A Justiça Estadual do Piauí da Comarca de União-PI determinou que o Município de União-PI volte a fazer o desconto em folha da contribuição sindical dos servidores. Os próprios servidores autorizaram o desconto previamente, conforme documentos apresentados em juízo, garantindo o repasse ao SINDICATO DOS SERVIDORES PÚBLICOS MUNICIPAIS DE UNIAO-PI (SSPU).


A Juíza Drª. Mariana Cruz Almeida Pires concedeu medida de urgência pleiteada pela SSPU e que no caso de descumprimento pelo Município de União-PI, no prazo de 30 (trinta) dias, haverá aplicação de pena de multa diária de R$ 100,00 (cem reais).

A decisão é mais um capitulo da queda de braços travado pelo atual prefeito, Paulo Henrique Costa contra o Sindicato dos Servidores Públicos Municipais de União.

Veja a íntegra da sentença proferida na data de ontem, 21/05/2019.

PODER JUDICIÁRIO DO ESTADO DO PIAUÍ

VARA ÚNICA DA COMARCA DE UNIÃO DA COMARCA DE UNIÃO

Rua Anfrísio Lobão, 222, Centro, União – PI – CEP: 64.120-000

Tratam os p. autos de Mandado de Segurança ajuizado pelo Sindicato dos Servidores Públicos Municipais de União/PI, com pedido de tutela de urgência, tendo como requerido o Município de União/PI. Visando seja este compelido a efetuar os descontos em folha de pagamento, referente aos servidores que previamente autorizaram, da contribuição mensal em favor do autor, com repasse subsequente.

Relatados. DECIDO.

Obrigação de fazer pode ser decorrente de ato ilícito, imposição legal ou de contrato existente entre as partes.

No caso, o sindicato autor quer que o ente municipal seja compelido a efetuar o desconto da contribuição mensal dos seus associados, todos servidores municipais de União. e. posterior repasse dos valores arrecadados.

Dispõe a Constituição Federal, em seu art. 8o. inciso IV, que a Assembléia Geral fixará a contribuição que, em se tratando de categoria profissional, será descontada em folha, para custeio do sistema confederativo da representação sindical respectiva, independentemente da contribuição prevista em lei.

Ainda sobre a matéria, a CLT estabelece que:

Art. 545. As contribuições facultativas ou as mensalidades devidas ao sindicato, previstas no estatuto da entidade ou em norma coletiva, independentemente de sua nomenclatura, serão recolhidas, cobradas e pagas na forma do disposto nos art. 578 e art. 579.

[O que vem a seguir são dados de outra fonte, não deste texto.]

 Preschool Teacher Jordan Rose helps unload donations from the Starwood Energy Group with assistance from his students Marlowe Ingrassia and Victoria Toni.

Art. 578. As contribuições devidas aos sindicatos pelos participantes das categorias econômicas ou profissionais ou das profissões liberais representadas pelas referidas entidades serão recolhidas, pagas e aplicadas na forma estabelecida neste Capitulo, sob a denominação de contribuição sindical, desde que prévia, voluntária, individual e expressamente autorizado pelo empregado.

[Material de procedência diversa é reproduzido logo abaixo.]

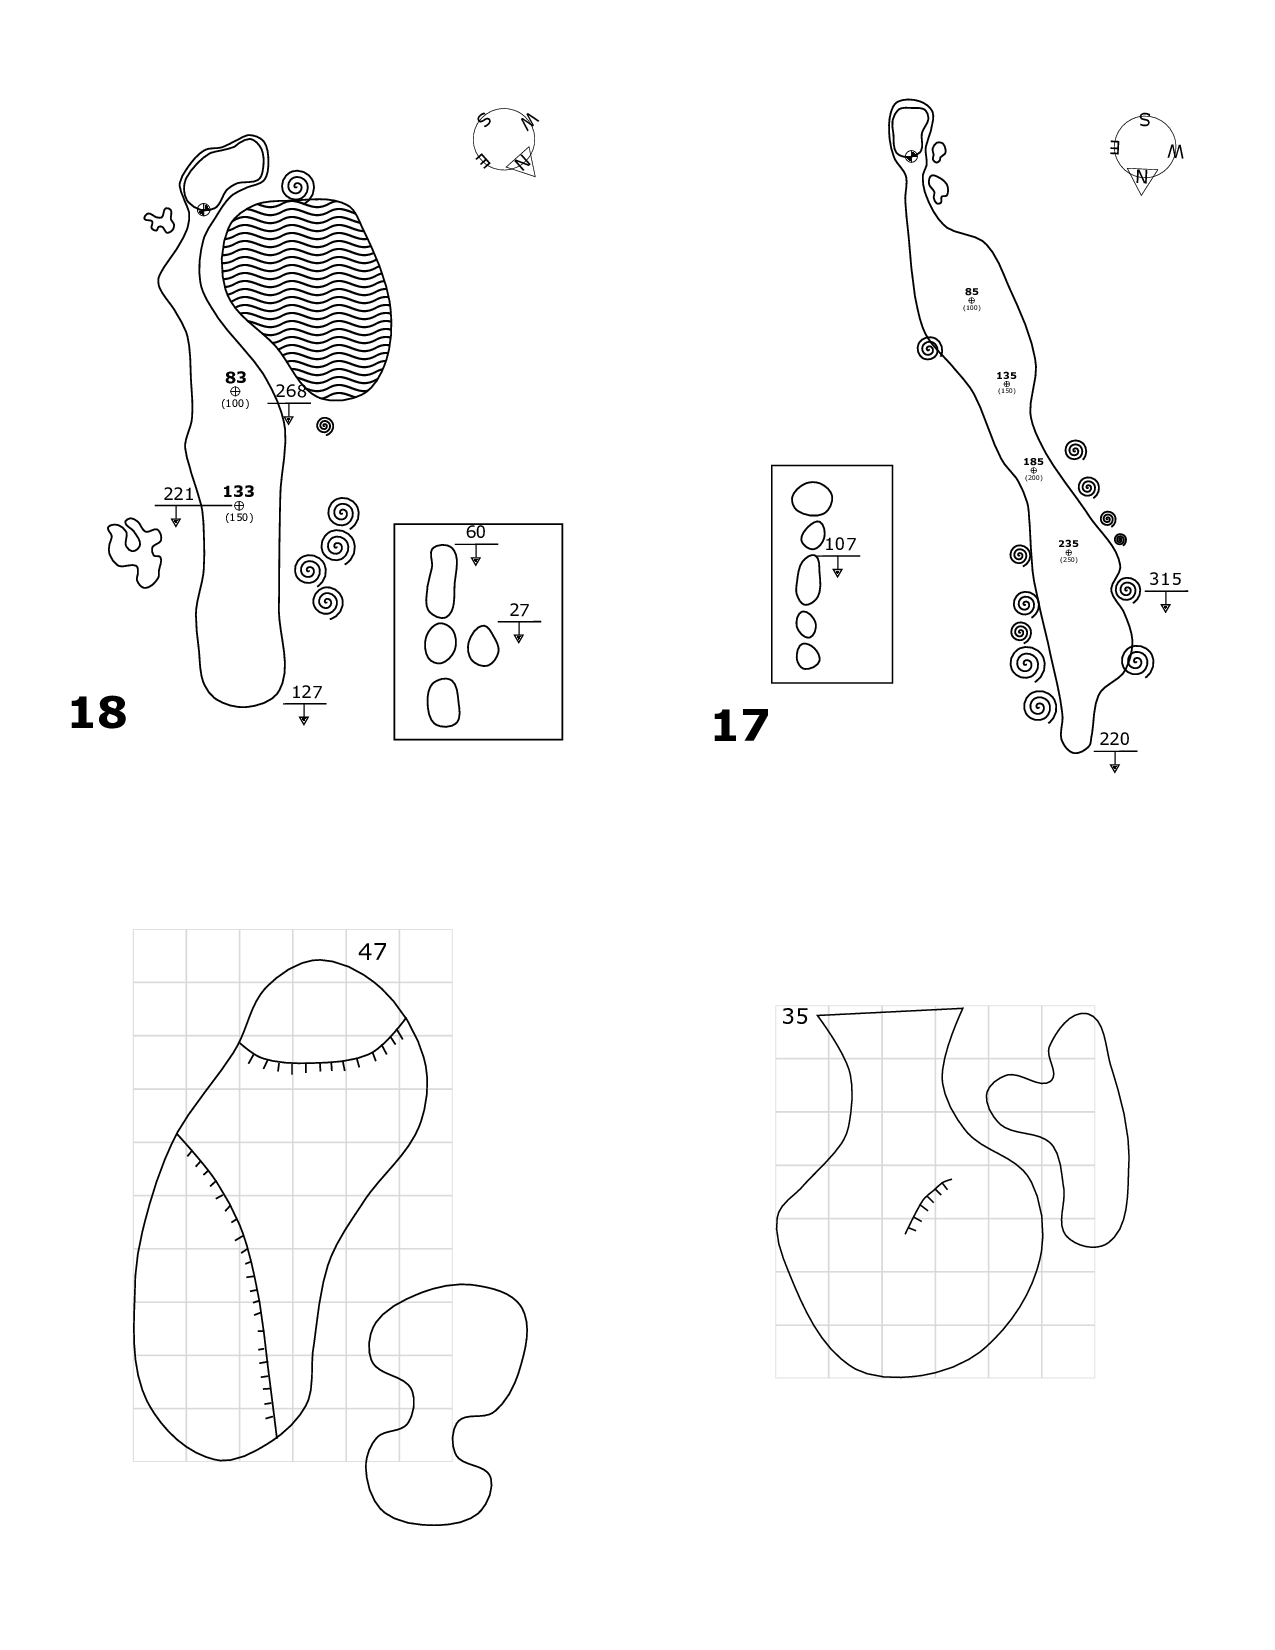 Bretwood Golf Course - North yardage book page 3

Art. 579. O requerimento de pagamento da contribuição sindical está condicionado à autorização prévia e voluntária do empregado que participar de determinada categoria econômica ou profissional ou de profissão liberal, em favor do sindicato representativo da mesma categoria ou profissão ou, na inexistência do sindicato, em conformidade o disposto no art. 591. (Redação dada pela Medida Provisória n° 873. de 2019)

§ 1o A autorização prévia do empregado a que se refere o caput deve ser individual, expressa e por escrito, não admitidas a autorização tácita ou a substituição dos requisitos estabelecidos neste artigo para a cobrança por requerimento de oposição.

Além disso, há previsão na legislação municipal. Lei n°691/2017. art. 72. §5°. determinando o desconto da contribuição sindical em folha de pagamento do servidor, desde que previamente autorizado por este.

Portanto, diante da legislação apontada, o recolhimento através do desconto em folha e repasse para o ente beneficiado com a contribuição associativa se mostra uma obrigação de fazer decorrente de imposição legal, contudo, é necessária a autorização prévia, individual, expressa e por escrito do contribuinte para que seja realizado o desconto.

Cumpridas as formalidades legais, o não recolhimento e repasse tende a desobedecer ao disposto no art. 8o, inciso I, da Constituição Federal, que fala em livre a associação profissional ou sindical, com vedação ao Poder Público a interferência e a intervenção na organização sindical.

Portanto, o desconto em folha da contribuição confederativa ou associativa não é automático nem compulsório, pois sua operacionalização exige, a anuência prévia do associado, mediante documento apropriado em que seja autorizado o referido desconto.

Acrescente-se, outrossim, que o Impetrante apresentou documentos em que demonstra a notificação prévia feita pelo Sindicato para o Município visando os descontos e repasse pretendidos, considerando que já eram efetuados em meses anteriores, inclusive com relação de servidores e valores correspondentes.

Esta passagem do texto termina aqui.